The Correct Option is A

Step 1: Understand the relationship between wavelength and energy.
When an electron in a hydrogen atom transitions from a higher energy level \( n_2 \) to a lower energy level \( n_1 \), it emits a photon. The energy of the photon is: \[ E = h f = \frac{h c}{\lambda} \] \[ \lambda = \frac{h c}{E} \] A larger wavelength \( \lambda \) corresponds to a smaller energy difference \( E \). Thus, the transition with the smallest energy difference will have the maximum wavelength.
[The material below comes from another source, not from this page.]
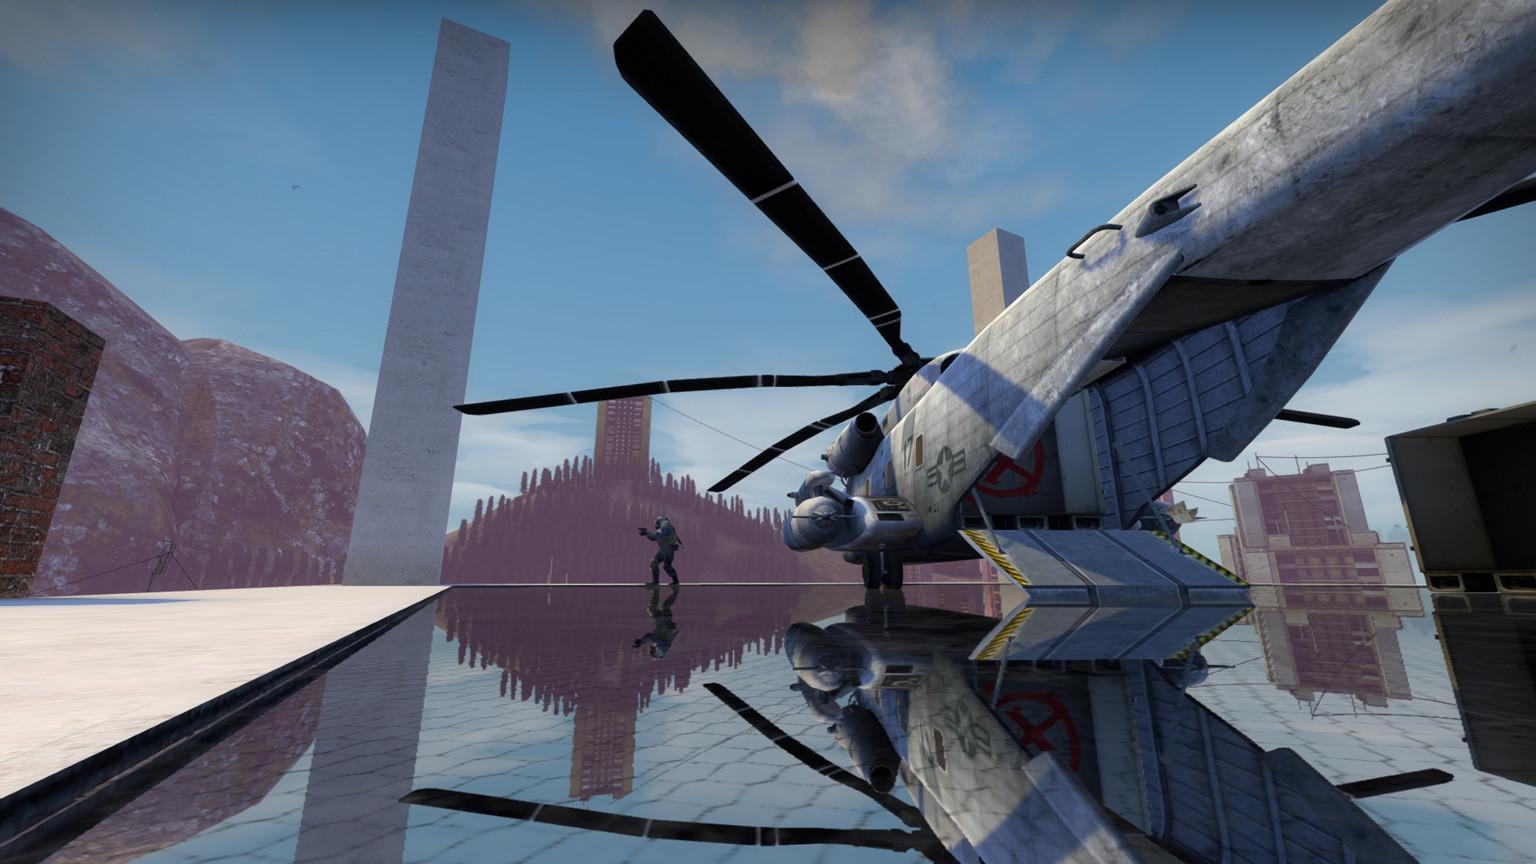 drone_screen_00.jpg.447eb7ec3e11550c7dc1020da4f3130a.jpg

Step 2: Use the energy level formula for a hydrogen atom.
The energy of an electron in a hydrogen atom at level \( n \) is: \[ E_n = -\frac{13.6}{n^2} \, \text{eV} \] The energy difference for a transition from \( n_2 \) to \( n_1 \) (\( n_2>n_1 \)) is: \[ \Delta E = E_{n_2} - E_{n_1} = -\frac{13.6}{n_2^2} - \left(-\frac{13.6}{n_1^2}\right) = 13.6 \left( \frac{1}{n_1^2} - \frac{1}{n_2^2} \right) \] Step 3: Calculate the energy difference for each transition.
- (A) \( n = 4 \) to \( n = 3 \): \[ \Delta E = 13.6 \left( \frac{1}{3^2} - \frac{1}{4^2} \right) = 13.6 \left( \frac{1}{9} - \frac{1}{16} \right) = 13.6 \left( \frac{16 - 9}{144} \right) = 13.6 \times \frac{7}{144} \approx 0.661 \, \text{eV} \] - (B) \( n = 3 \) to \( n = 2 \): \[ \Delta E = 13.6 \left( \frac{1}{2^2} - \frac{1}{3^2} \right) = 13.6 \left( \frac{1}{4} - \frac{1}{9} \right) = 13.6 \left( \frac{9 - 4}{36} \right) = 13.6 \times \frac{5}{36} \approx 1.889 \, \text{eV} \] - (C) \( n = 2 \) to \( n = 1 \): \[ \Delta E = 13.6 \left( \frac{1}{1^2} - \frac{1}{2^2} \right) = 13.6 \left( \frac{1}{1} - \frac{1}{4} \right) = 13.6 \times \frac{3}{4} = 10.2 \, \text{eV} \] - (D) \( n = 3 \) to \( n = 1 \): \[ \Delta E = 13.6 \left( \frac{1}{1^2} - \frac{1}{3^2} \right) = 13.6 \left( \frac{1}{1} - \frac{1}{9} \right) = 13.6 \times \frac{8}{9} \approx 12.089 \, \text{eV} \] Step 4: Compare the energy differences.
- (A) \( \Delta E \approx 0.661 \, \text{eV} \) - (B) \( \Delta E \approx 1.889 \, \text{eV} \) - (C) \( \Delta E = 10.2 \, \text{eV} \) - (D) \( \Delta E \approx 12.089 \, \text{eV} \) The smallest energy difference is for (A) \( n = 4 \) to \( n = 3 \), which means it will have the largest wavelength. Step 5: Confirm using the Rydberg formula (optional).
The Rydberg formula for the wave number is: \[ \frac{1}{\lambda} = R \left( \frac{1}{n_1^2} - \frac{1}{n_2^2} \right) \] A smaller \( \frac{1}{\lambda} \) means a larger \( \lambda \). The term \( \frac{1}{n_1^2} - \frac{1}{n_2^2} \) is smallest for (A), confirming our result.